Last Updated on October 22, 2020
Netflix has reported a dramatic fall in third-quarter subscriptions following the backlash which ensued as a result of the release of the highly controversial ‘Cuties’ movie that was advertised then hosted on the platform.
Even though millions of potential consumers around the globe are in lock down, Netflix’s pallid subscription reports raised many eyebrows. Netflix fell shy by less than two-thirds of its expected new subscribers, dropping from a forecasted 3.57 million to 2.2 million worldwide. Only 177,000 of those new subscribers were amassed in the United States, where Netflix boycotts over ‘Cuties’ raged over the last several months. In the same quarter of 2019, Netflix gained 6.8 million net subscribers.
The ‘Cuties’ movie drew international outrage on social media as the movie depicted scantily-clad preteen female performers in various sexually suggestive dances, poses, and predicaments throughout a film whose metanarrative was to expose the cultural clashes experienced by traditionalist-leaning migrants in a sexually permissive secular-liberal French society when coming of age.
However, the hyper-sexualization of young girls eclipsed any deeper meaning to the movie.
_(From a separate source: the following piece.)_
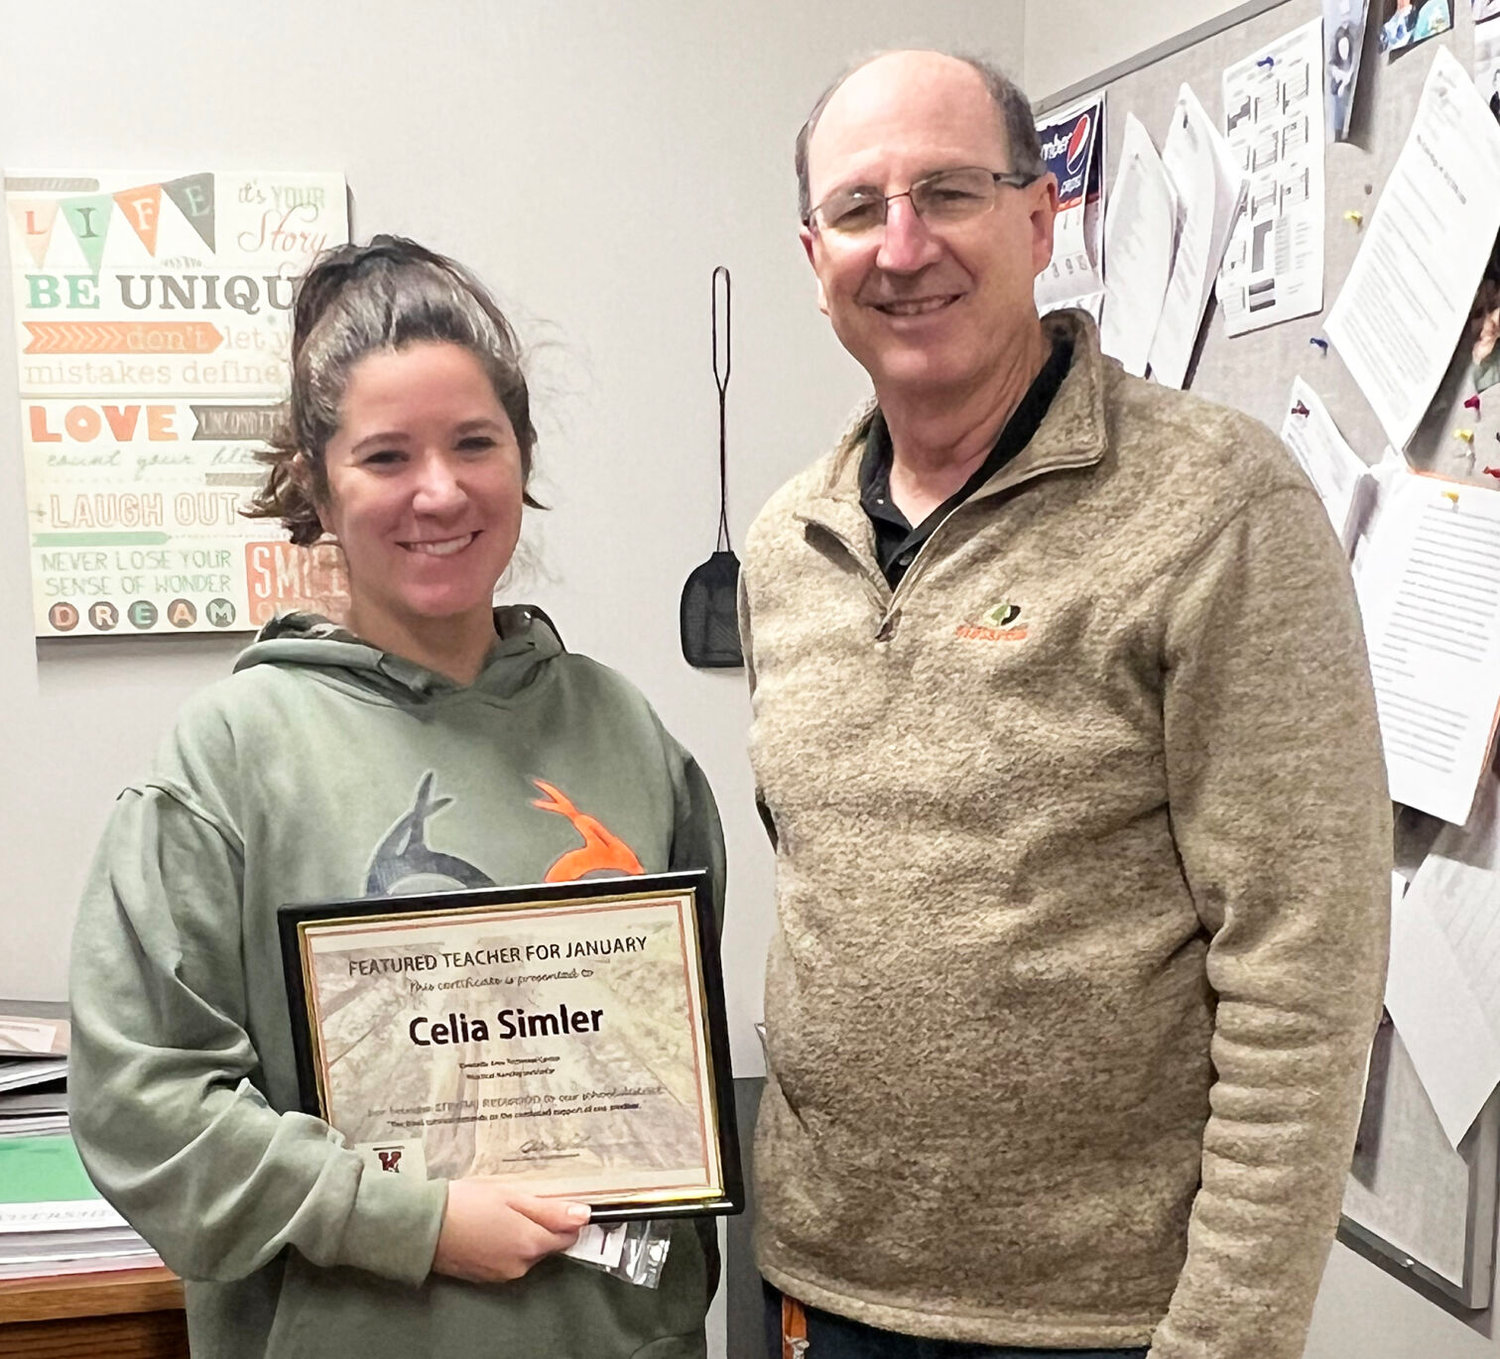 Celia Simler has worked in the field of Adult Practical Nursing for six years at the Kirksville Area Technical Center. "Teaching is a passion and seeing a light bulb light up is the best feeling in the world." she said. 
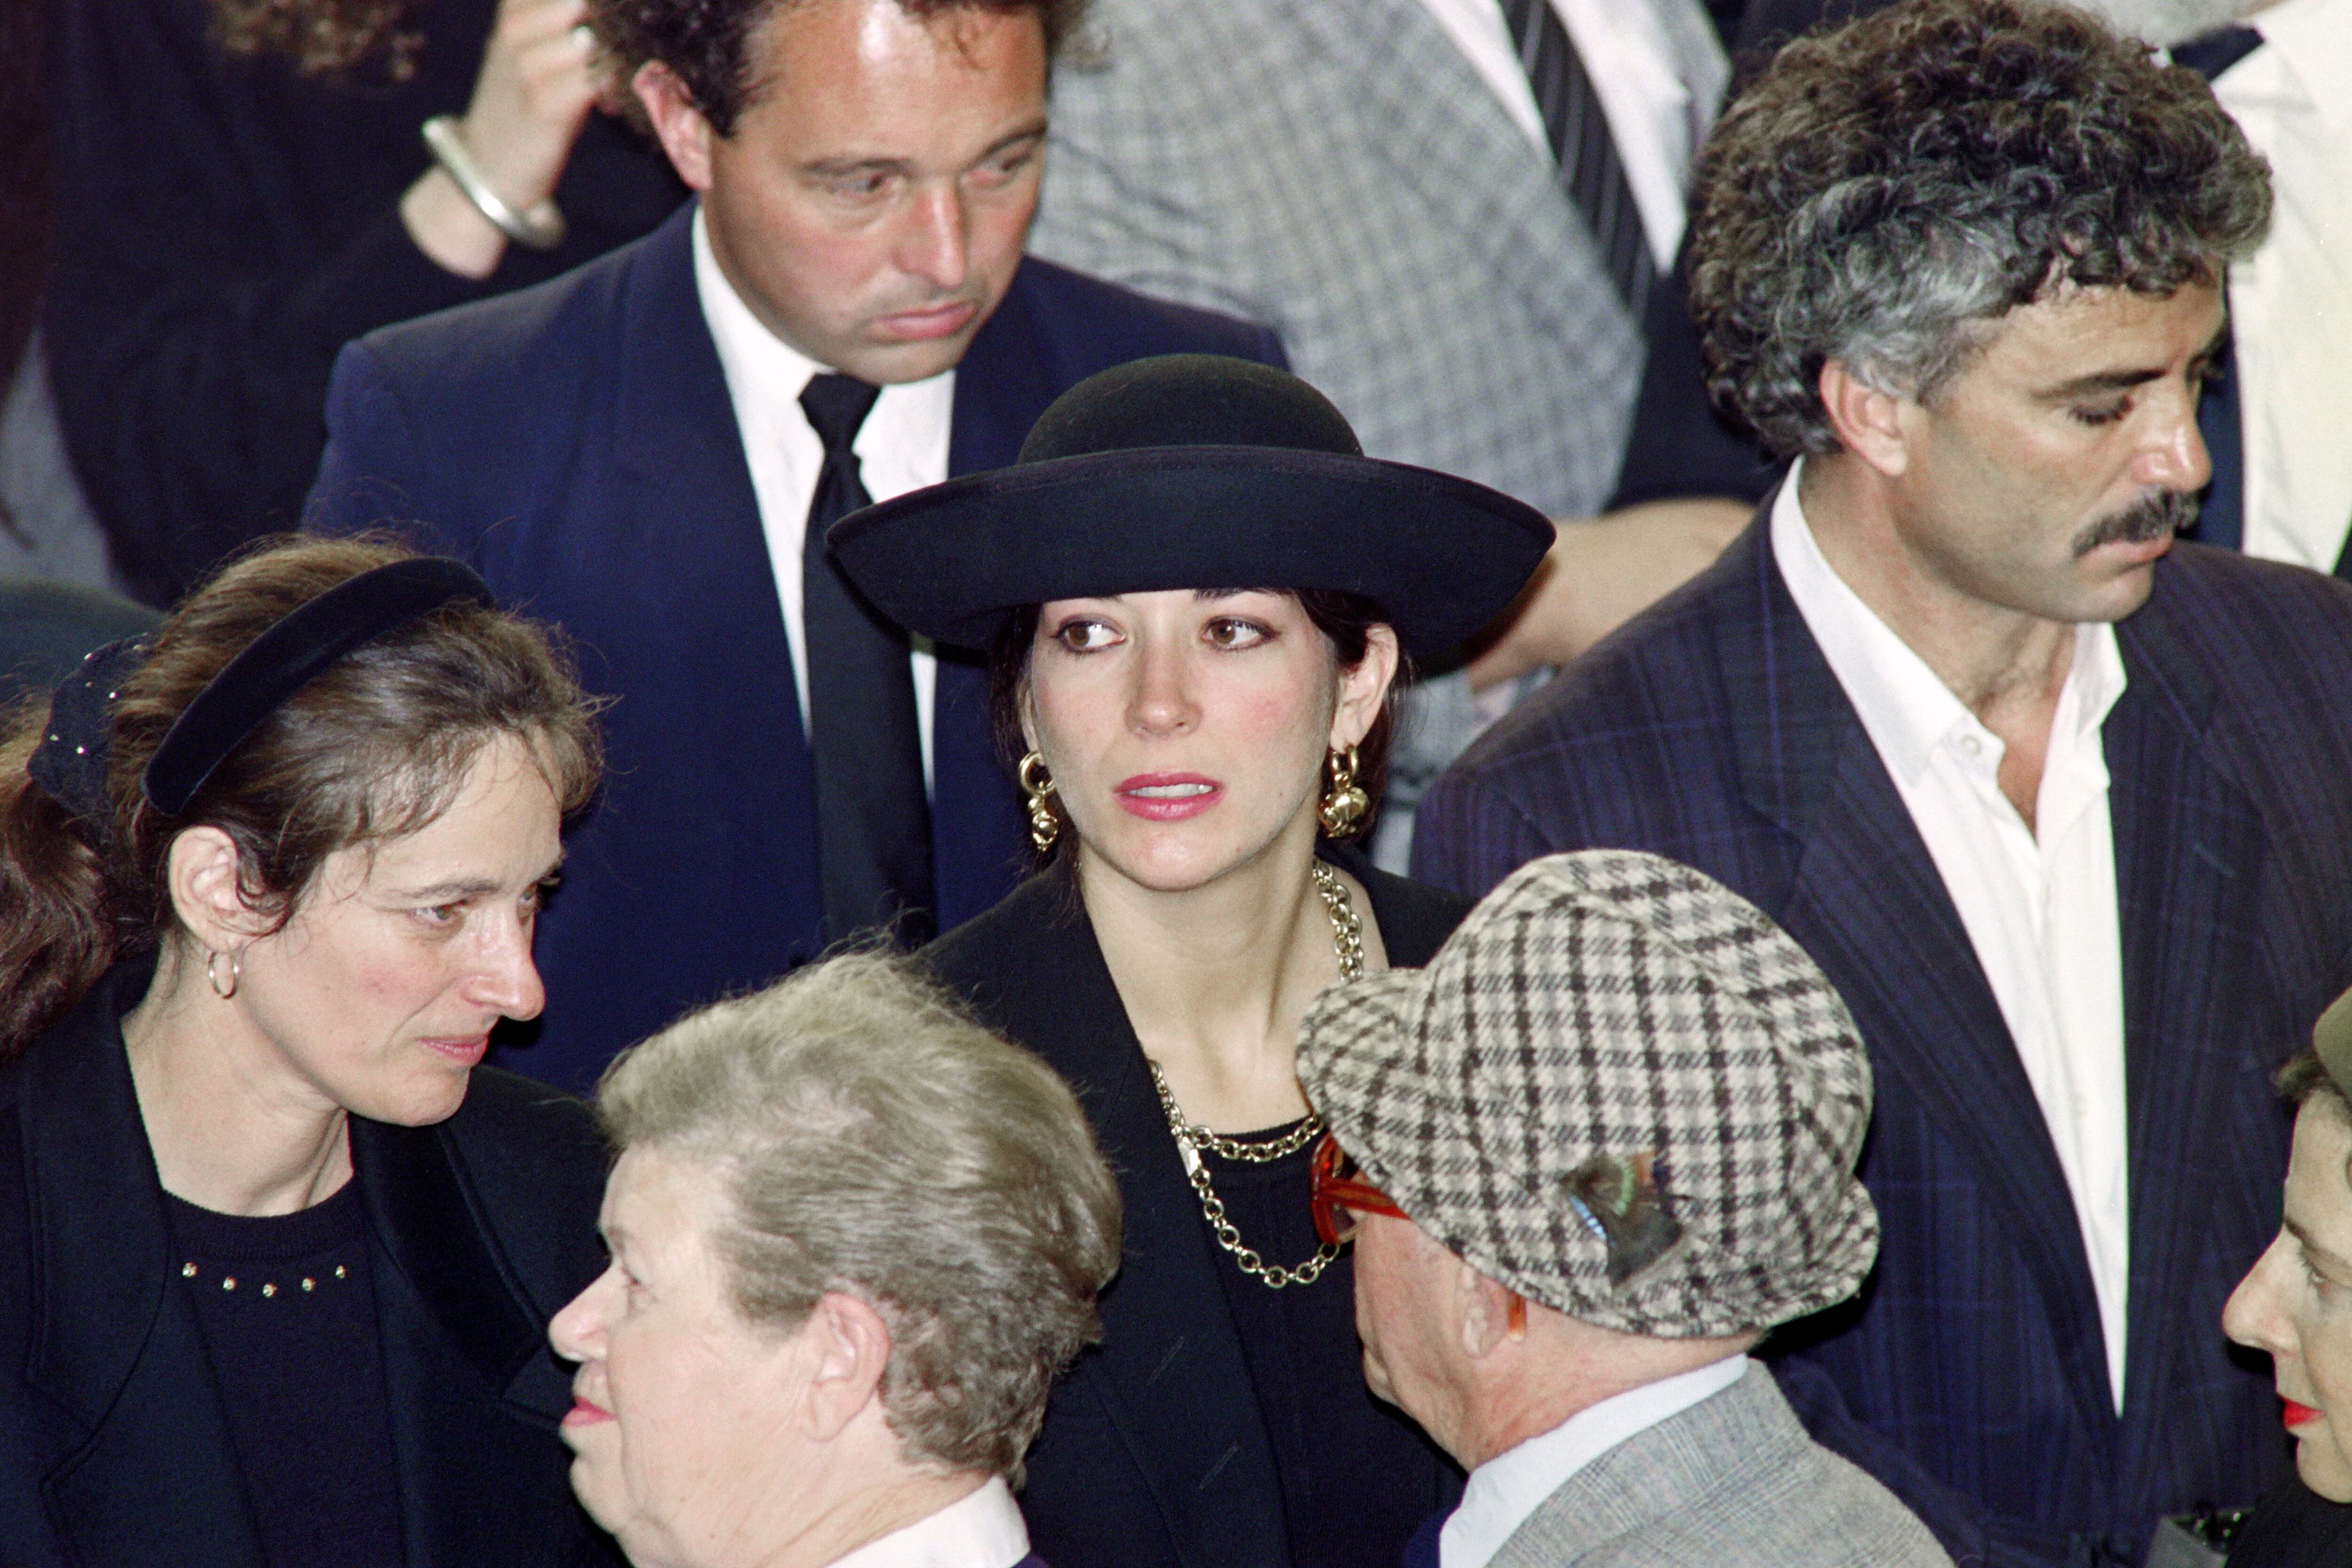 In this file photo taken on November 10, 1991, Ghislaine Maxwell (center) attends her father's funeral service.  (Sven NACKSTRAND / AFP).

As a result, various critics and mainstream media publications balked at the public outcry and steadfastly defended the movie despite its risqué and quasi-pedophilic content. And consequently, the anemic Netflix report was penciled in as a “‘Cuties’-inspired boycott drive.”
“It’s impossible to attribute the lower numbers directly to the ‘Cuties’-inspired boycott drive. But at least two analytics firms said last month their data showed Netflix was suffering higher ‘churn’ rates, which measure subscription cancellations, in the immediate aftermath of a #CancelNetflix movement that began online,” wrote USA Today TV Editor Gary Levin wrote.
According to Christian Headlines, Tim Winter, president of the Parents Television Council, said:
“Netflix is facing significant international scrutiny, including potentially thousands of subscription cancellations, over its sexually exploitative film, Cuties, and rightly so,” Winter said in a statement. “… Netflix cannot simply sweep this matter under the rug. It faces a criminal indictment from a Texas grand jury, and we are also calling for a federal investigation to determine if sexual exploitation laws were broken. Netflix must be held publicly to account for Cuties and the numerous other programs it distributes that sexualize children for the sake of entertainment.”
Since the release of ‘Cuties’ a Texas Grand Jury has indicted the film for its “lewd exhibition of children.”
According to Westphalian Times, Tyler County Grand Jury indicted Netflix for promoting “the lewd exhibition of the genitals or pubic area of a clothed or partially clothed child who was younger than 18 years of age at the time the visual material was created, which appeals to the prurient interest in sex, and has no serious literary, artistic, political, or scientific value.”